Data section:
^^^^

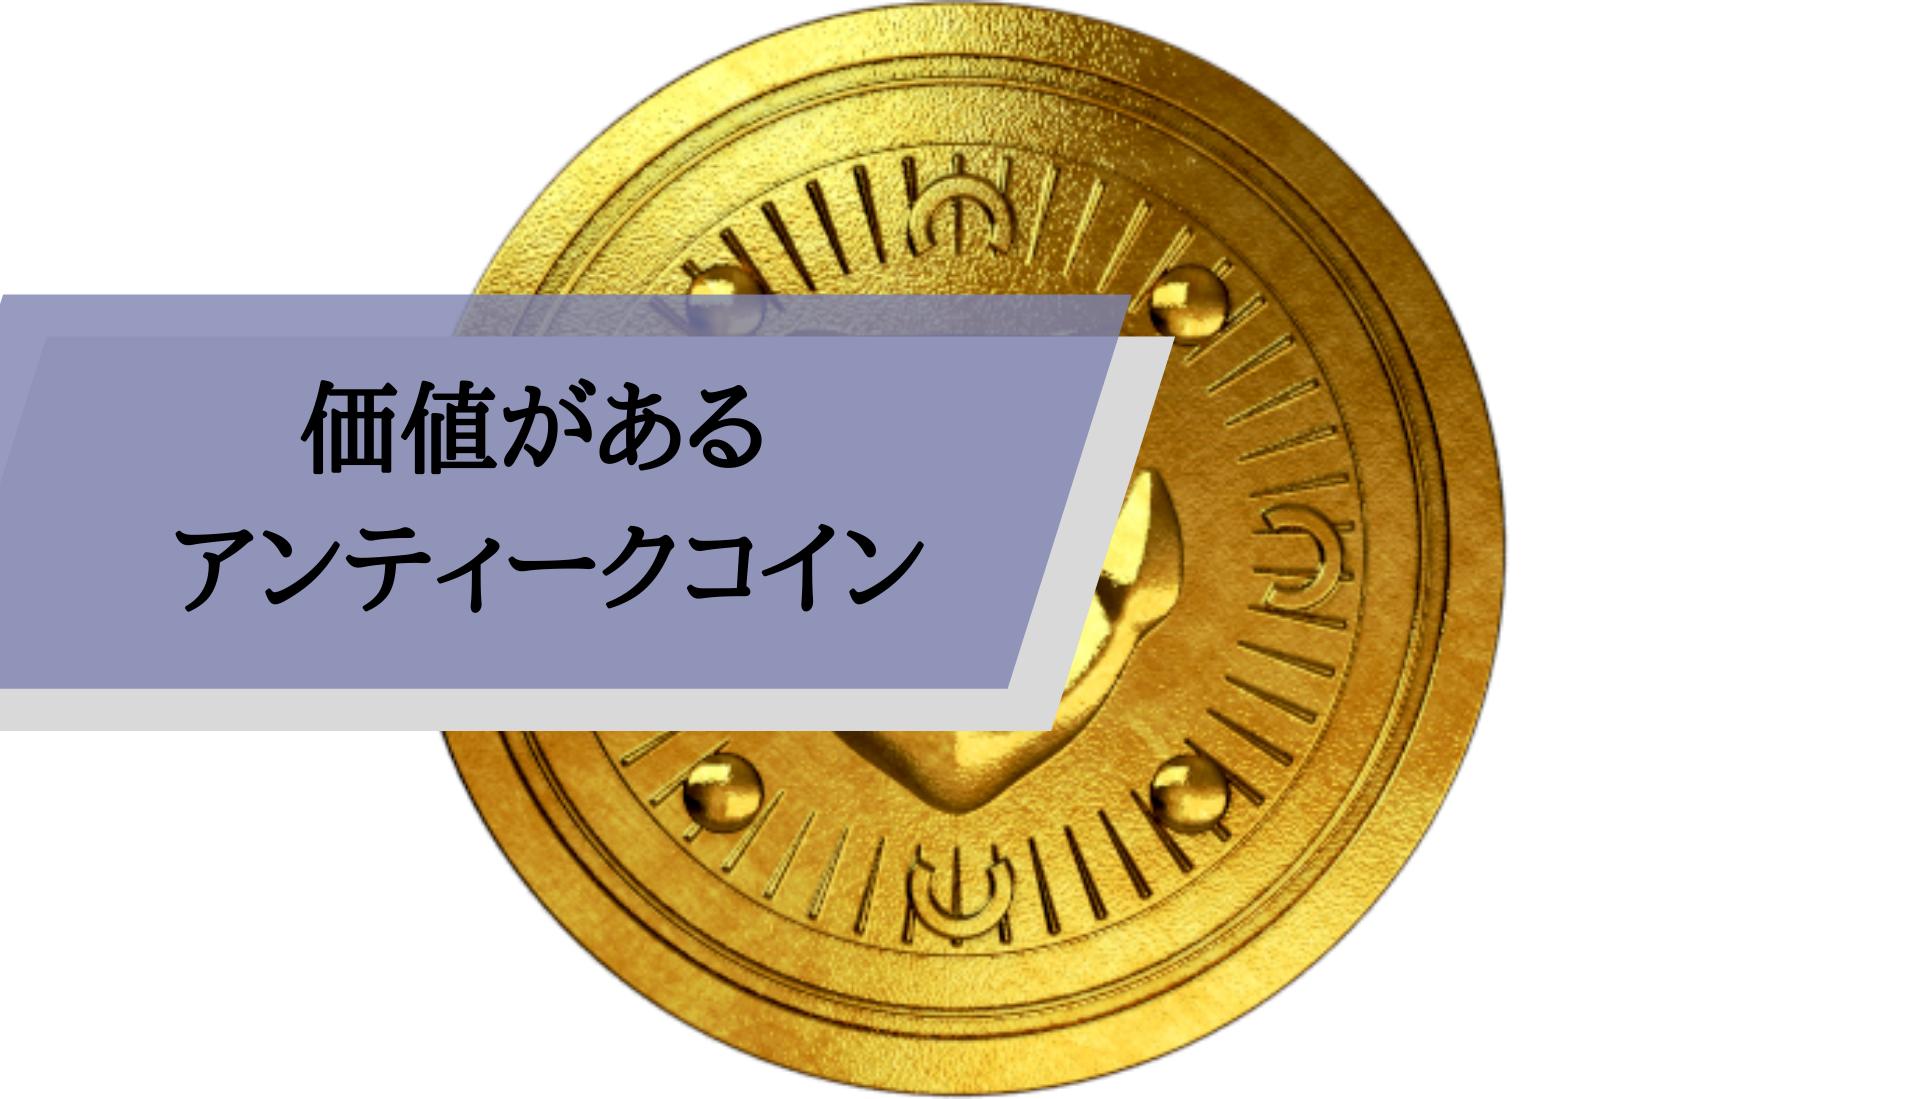 アンティークコイン価値_価値あり
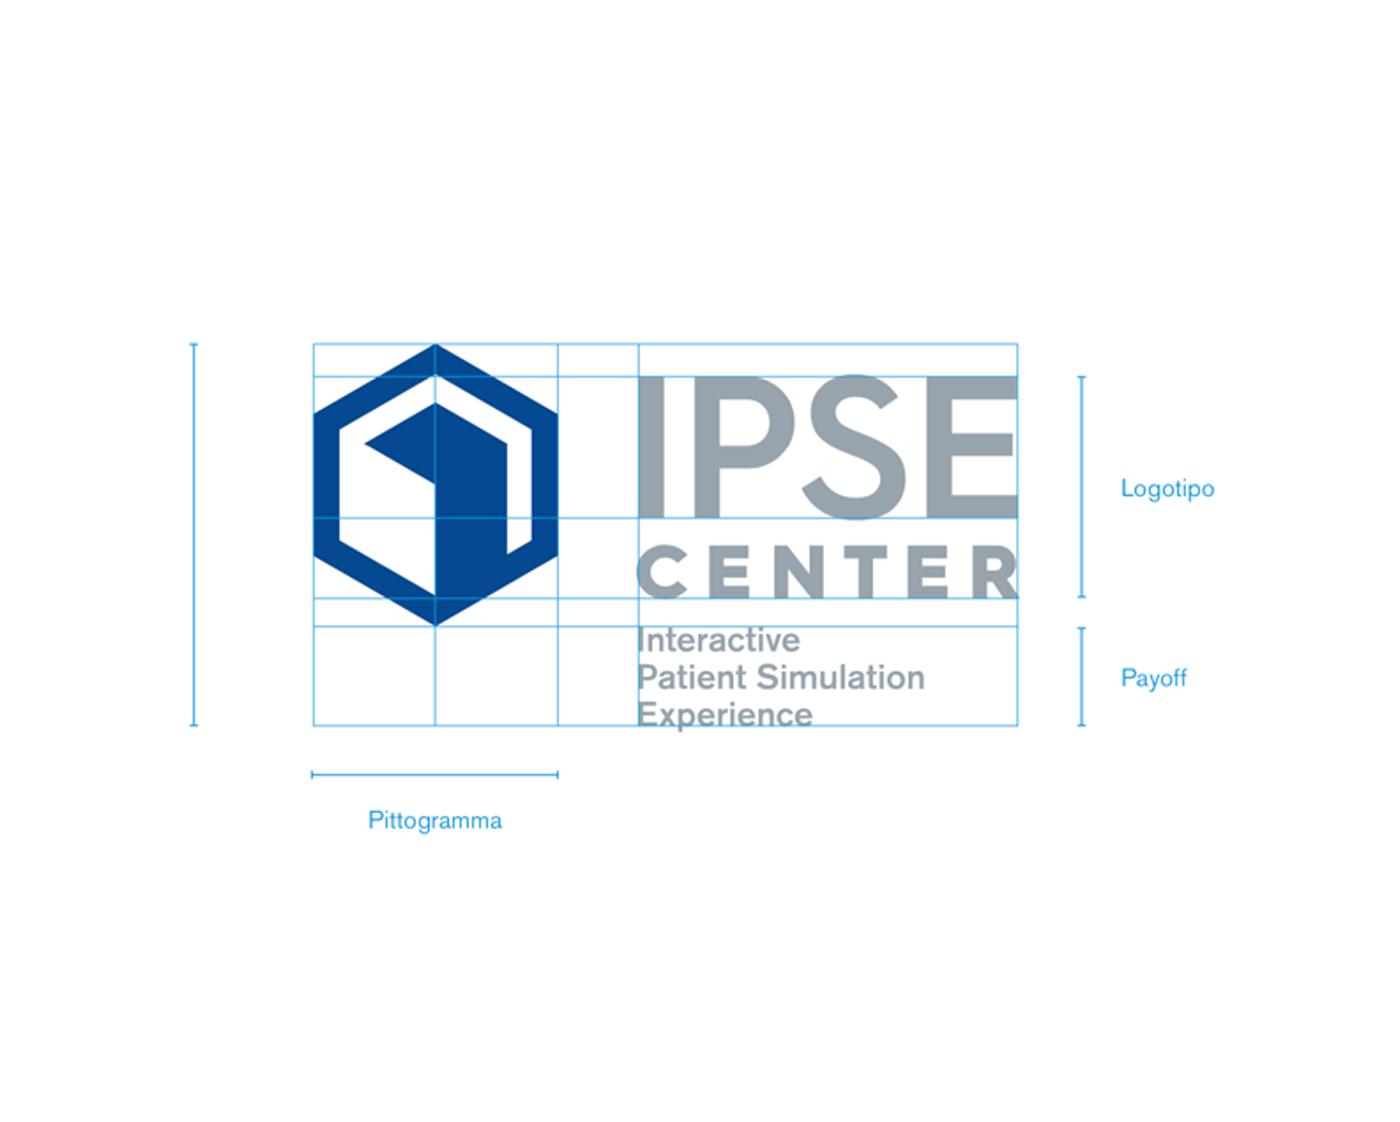 Logo Ipse Center per la fondazione Gemelli
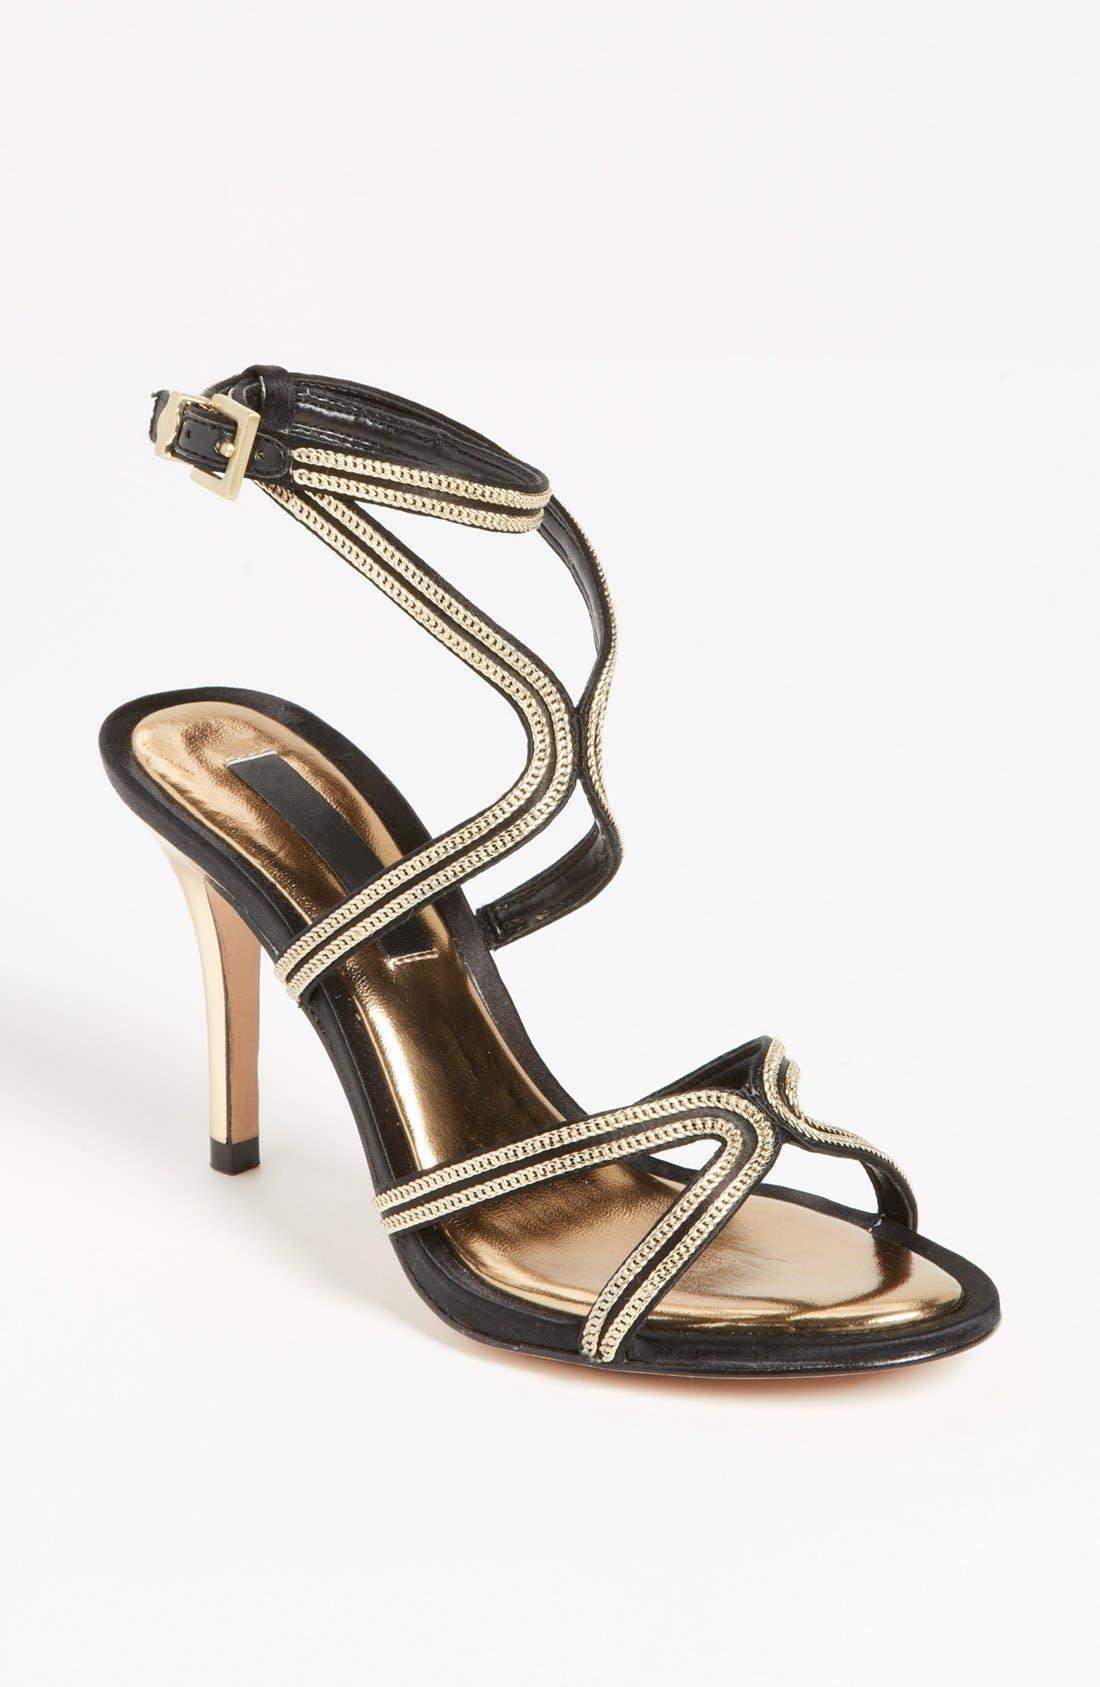 Alternate Image 1 Selected - BCBGMAXAZRIA 'Primp' Sandal

^^^^

Aim of the task:
Leaving the pictures out, output each line of the listing exactly.

Answer to the problem:
 アンティークコイン価値_価値あり
 Logo Ipse Center per la fondazione Gemelli
 Alternate Image 1 Selected - BCBGMAXAZRIA 'Primp' Sandal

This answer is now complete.